- Theatrical release poster
- Directed by: Joseph Castelo
- Written by: Ashley Rudden; Joseph Castelo;
- Produced by: Joseph Castelo; Billy Raftery; Adam Folk; Joseph Mensch; Carlo Sirtori; Charlie Bunting; Eric Schultz; Travis Burgess;
- Starring: Thomas Mann; Lucy Fry; Logan Huffman; Sam Page; Robert Gorrie; Dylan Blue; Jessica Rothe; Guillermo Arribas; Hemky Madera; Amy Hargreaves; Bill Sage;
- Cinematography: Brett Jutkiewicz
- Edited by: Giacomo Ambrosini
- Music by: Sam Bisbee
- Production companies: Coalition Films; Relic Pictures; Bullet Pictures; Mensch Productions; Parallell Cinéma;
- Distributed by: IFC Films
- Release dates: October 10, 2015 (Hamptons Film Festival); March 18, 2016 (United States);
- Running time: 95 minutes
- Countries: United States; France;
- Language: English
- Box office: $11,558

= The Preppie Connection =

The Preppie Connection is a 2015 crime drama film co-written and directed by Joseph Castelo, based on the infamous 1984 incident where Choate Rosemary Hall student Derek Oatis, along with a handful of friends, ran a cocaine smuggling operation on the school's campus. The film stars Thomas Mann, Lucy Fry, Logan Huffman, Sam Page, Jessica Rothe, and Bill Sage. It had world premiere at the Hamptons International Film Festival on October 10, 2015. It was released in the United States on March 18, 2016, in select theaters and through video on demand by IFC Films.

==Premise==
In 1984 Wallingford, Connecticut, a private school student uses connections to create a drug trafficking network at his school which leads him and his friends into the dangerous world of drug cartels.

==Production==
In January 2013, it was announced that Evan Peters, Bella Heathcote had been cast in the lead roles of Tobias and Alex respectively, and the project had been written and directed by Joseph Castelo.
However, either Peters and Heathcote dropped out or were recast, in July 2014, Lucy Fry was cast in the role of Alexis. The following day, it was announced that Thomas Mann and Logan Huffman had joined the cast of the film.

===Filming===
Principal photography took place in New York City from July 21 to August 9, 2014. with production beginning in Puerto Rico on August 12, 2014.

==Release==
The film had its world premiere at the Hamptons International Film Festival on October 10, 2015. It was also screened at the Mill Valley Film Festival on October 15, 2015. In December 2015, IFC Films acquired distribution rights to the film. The film was released on March 18, 2016, in select theaters and through video on demand.

==Critical reception==
The Preppie Connection received negative reviews from film critics. It holds an 11% approval rating on review aggregator website Rotten Tomatoes, based on 9 reviews, with an average rating of 5/10. On Metacritic, the film holds a rating of 34 out of 100, based on 6 critics, indicating "generally unfavorable reviews".

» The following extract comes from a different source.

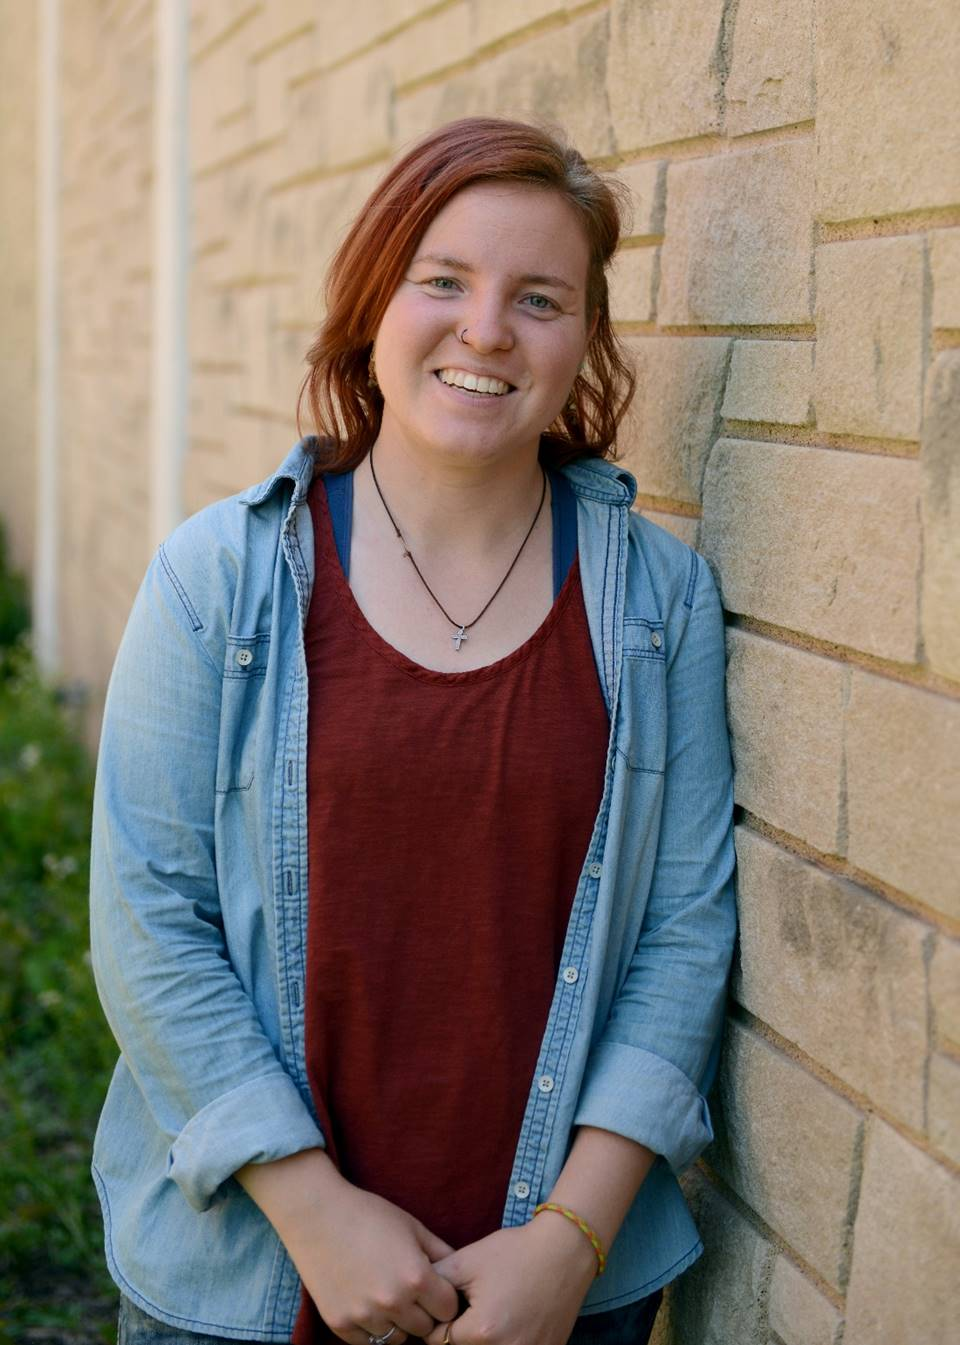 Grace Corbin - Interning: Northeast Minneapolis UMC with Rev. Sarah LawtonSchool: Augsburg College (Minneapolis)Home church: Faith Lutheran Church (Grantsburg, Wisconsin)

Dennis Harvey of Variety gave the film a negative review writing: "Unconvincingly presented in a way that belies the factual basis of a case that won national notoriety at the time, the film will make serviceable small-screen fodder, but lacks the deeper insight or distinguishing directorial style that might have tempted arthouse distributors."